One week before inauguration Sorensen compares Obama, JFK
Published: January 16, 2009Section: Front Page
The event, co-sponsored by the International Center for Ethics, Justice, and Public Life, Gen Ed Now, and the Student Union, attracted a crowd that filled the 250-seat Shapiro Campus Center Theater, with some students even sitting on the floor or standing in the back in order to hear Sorensen speak.
“There is such an excitement coming off the Obama win and running up to the inauguration that people were very enthused about the event,” Gen Ed Now co-president Daniel Gillman ‘10 said.
Sorensen, who has chaired the advisory board of Brandeis’ International Center for Ethics since 2000, was an early supporter of President-Elect Barack Obama.
In a conversation with The Hoot before his presentation, Sorensen explained that while Obama may not have had as much executive experience as other candidates.
“The key quality in the White House is not experience. The White House requires judgment,” he said.
Sorensen said he supported Obama in part because he saw parallels between the judgment shown by Obama when he opposed the Iraq War and spoke of the importance of communicating with foreign leaders and judgment shown by President Kennedy.
“I think he is the first president since JFK who has had that ability,” Sorensen said.
Throughout his talk, Sorensen reviewed why the presidents who have come after Kennedy have failed to live up to Kennedy’s legacy.
While presidents such as Ronald Reagan focused on the economy and other domestic and partisan issues in their inaugural addresses, “JFK was talking about the need to push back deserts, tap the ocean depths, and engage in negotiations without fear.”
Sorensen also gave his take on what he called “myths” about Kennedy’s inaugural speech.
He addressed the question of who wrote the speech, and in particular, who wrote the words “ask not what your country can do for you, ask what you can do for your country,” saying “the question is not who penned particular words, but why Kennedy’s values and policies that were stressed through that speech have been largely forgotten.”He also deflected claims that the inaugural was a Cold War address, noting that Kennedy said that America must unite “against the common enemies of man” – a phrase that “doesn’t sound like a cold war speech.”

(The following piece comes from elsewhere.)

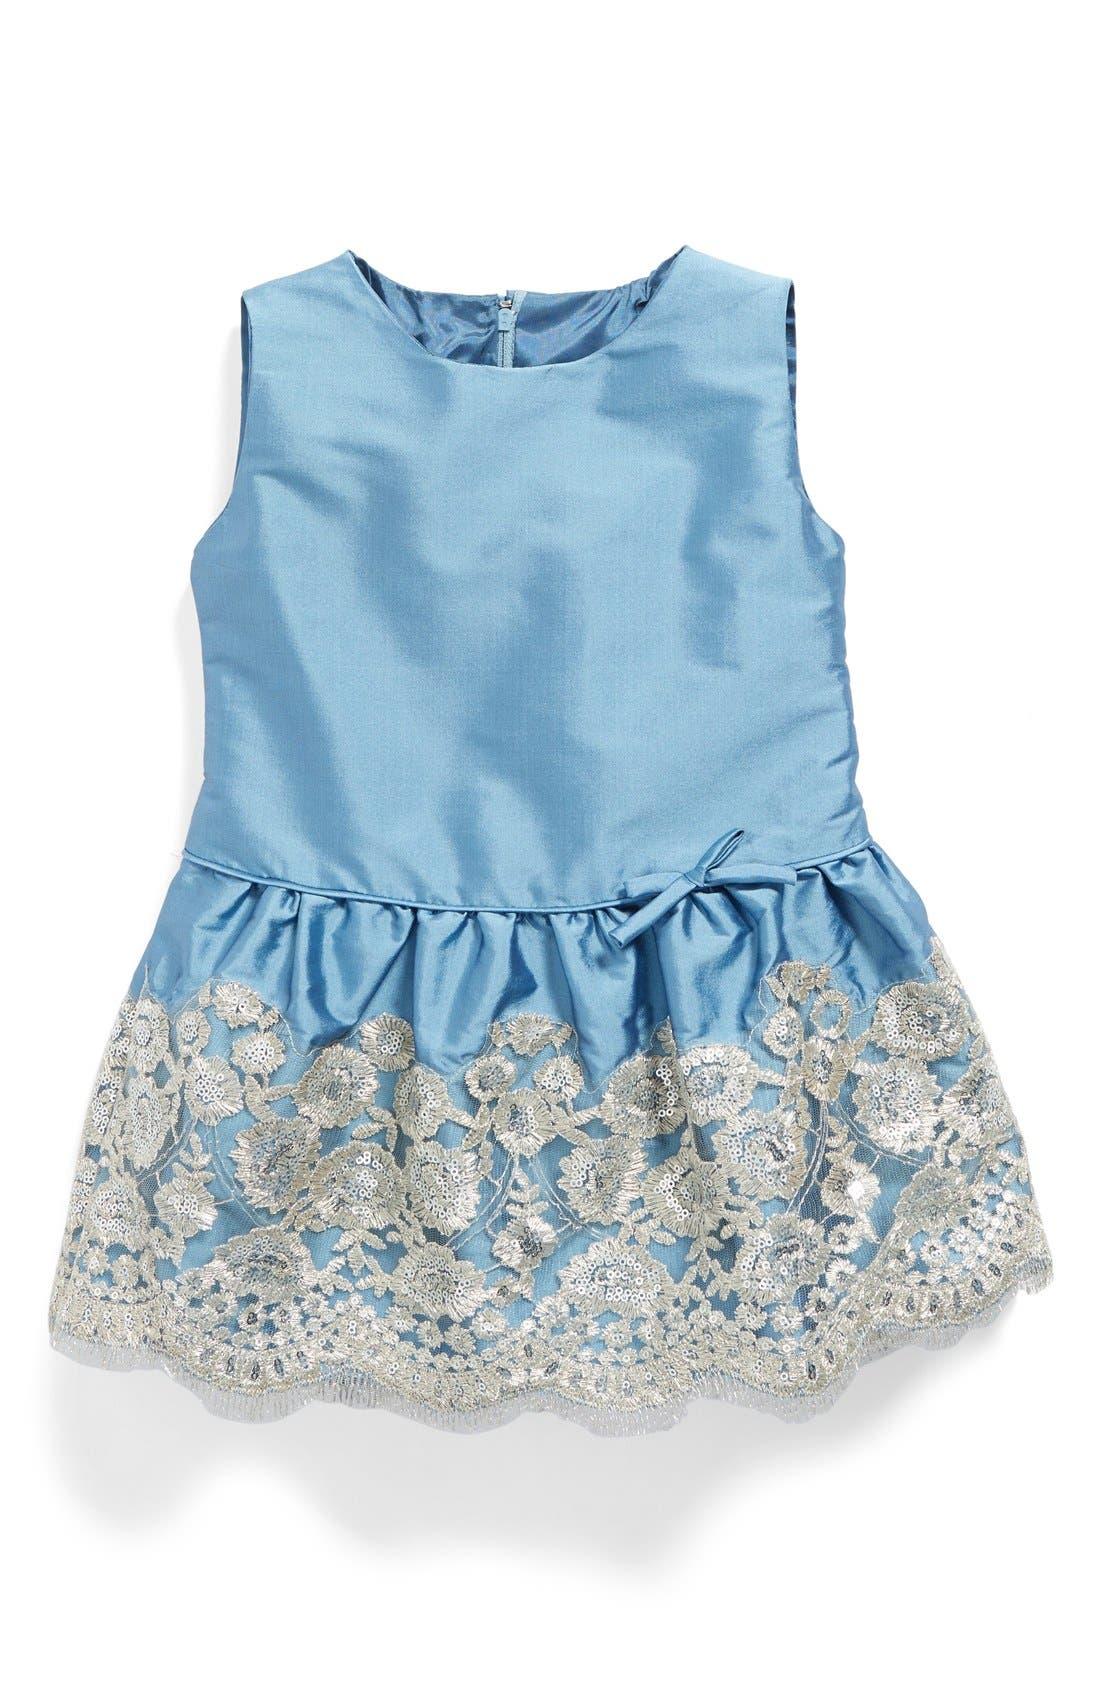 Drop Waist Dress,                             Main thumbnail 1, color,                             Sky Taffeta

As to whether the speech was Kennedy’s most important, Sorensen disagrees, citing Kennedy’s commencement address at American University as the most important, because it “called for a reexamination of the cold war and relations with the USSR.”
After debunking myths, Sorensen discussed his expectations of Obama’s own inaugural address, saying that he believes that Obama’s inaugural address will follow Kennedy’s non-partisan tradition.
“An inaugural address should not be a campaign speech…I predict that Obama will not attack the Republican party or George Bush in his inaugural address,” he said.
Sorensen also explained that just as Kennedy “wanted to emphasize foreign policy” in his inaugural as a way of “[defining] him and his policies to the rest of the world,” Obama will “focus on international, global matters.”
After Sorensen’s address, Professor Peniel Joseph (AAAS) responded to the talk, adding that he expects that Obama, like “the best American presidents” will ask “the nation to look beyond its current paradigm.”
Both Joseph and Sorensen see the Obama’s inaugural speech as a first step for Obama to lay out such a vision, just as Kennedy did 49 years ago.Sorensen, though, will not play a role in implementing Obama’s vision.
When asked by the Hoot whether he would play a role in Obama’s administration, Sorensen invoked a line from the beginning of Kennedy’s inaugural speech:
“The torch has been passed to a new generation of Americans, and I am not part of that generation.”